Limitations & Future Work

  • Dependency on Diagonal \(\mathbf{A}\): The \(\mathcal{O}(n^2)\) solver relies on the diagonal structure common in modern SSMs. For general dense \(\mathbf{A}\), it reverts to \(\mathcal{O}(n^3)\).
  • Information Loss from Channel Averaging: Averaging over \(\tau\times o\) SSMs is an approximation that may be suboptimal for tasks with high channel-wise variance.
  • Baseline Comparability: Baselines use different settings (batch size/epochs), so the focus should be on the relative Gain provided by Inf-SSM.
  • Evaluation Scope: Currently limited to Vim-Small and image classification. Scalability to larger Mambas or NLP/Audio tasks requires further verification.
  • Future Work: Extending Inf-SSM to knowledge distillation and compression, and exploring Schubert cells for varying dimensions.
  • vs EWC / SI / MAS: These methods use Frobenius constraints in parameter space, which are not P-equivalence invariant for SSMs. Inf-SSM operates in behavior space.
  • vs LwF: LwF requires forward passes for distillation; Inf-SSM probes the system's infinite-time expected response via random excitation.
  • vs ER / LUCIR / X-DER: These rely on sample storage; Inf-SSM is exemplar-free but can be added to these methods to further boost performance.
  • vs Mamba-based CL: Previous works mostly store feature embeddings.
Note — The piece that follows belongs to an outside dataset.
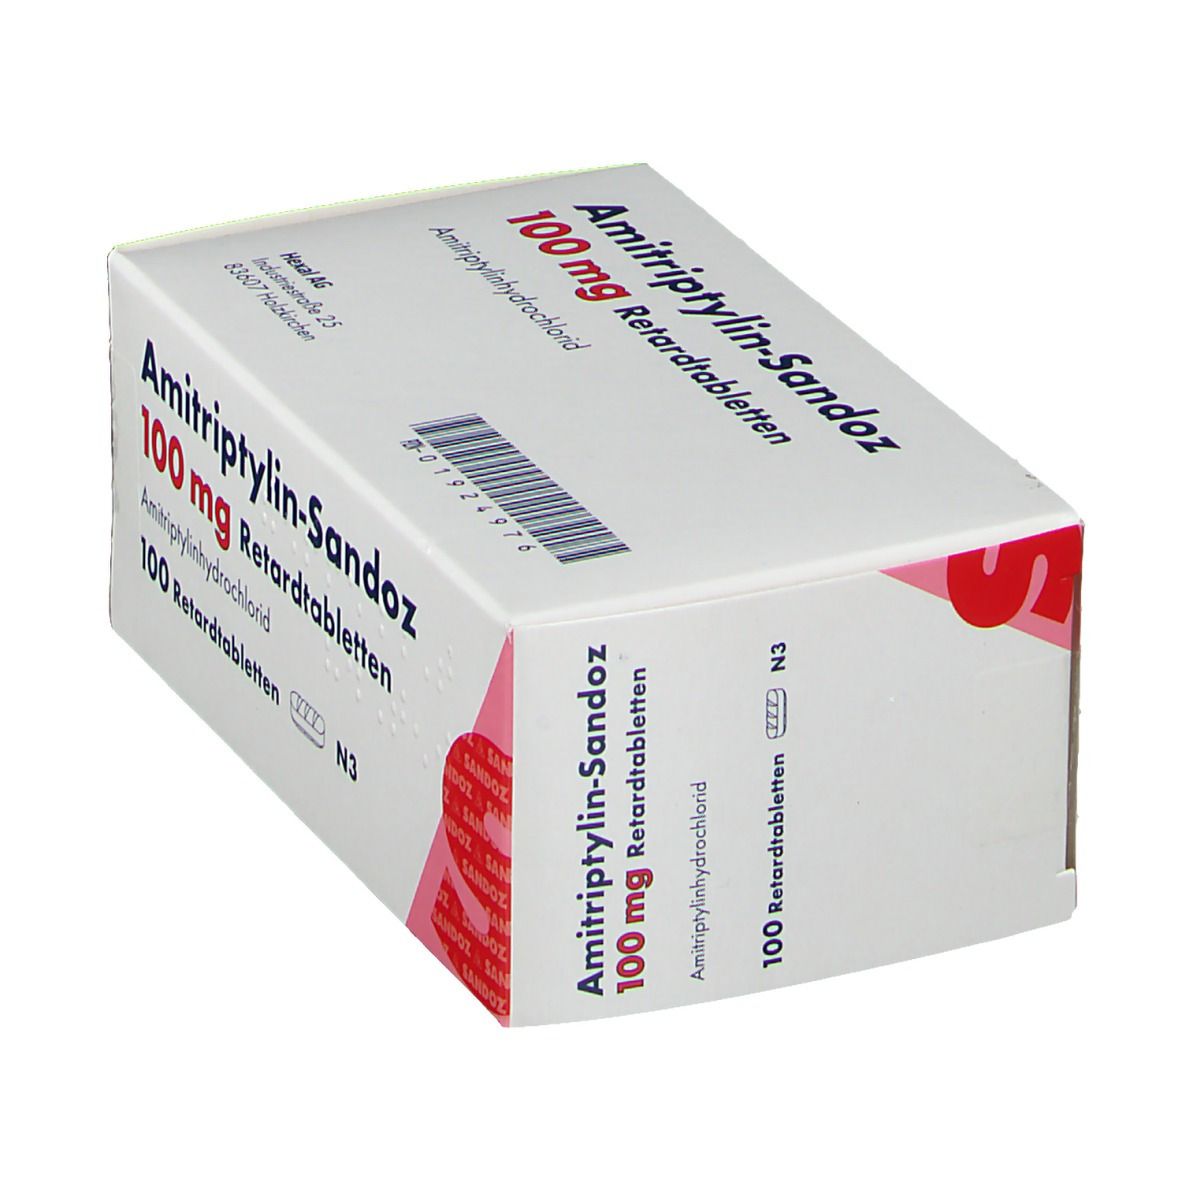 AMITRIPTYLIN Sandoz 100 mg Retardtabletten

Inf-SSM is the first to explicitly utilize the observability geometry of the SSM itself.

Rating

  • Novelty: ⭐⭐⭐⭐⭐ First to introduce extended observability and Grassmann geometry to SSM continual learning.
  • Experimental Thoroughness: ⭐⭐⭐⭐ Covers various datasets and paradigms, though limited to Vim-Small.
  • Writing Quality: ⭐⭐⭐⭐ Clear theoretical derivation, though dense for readers without a control theory background.
  • Value: ⭐⭐⭐⭐⭐ High practical value due to its plug-and-play nature and efficiency.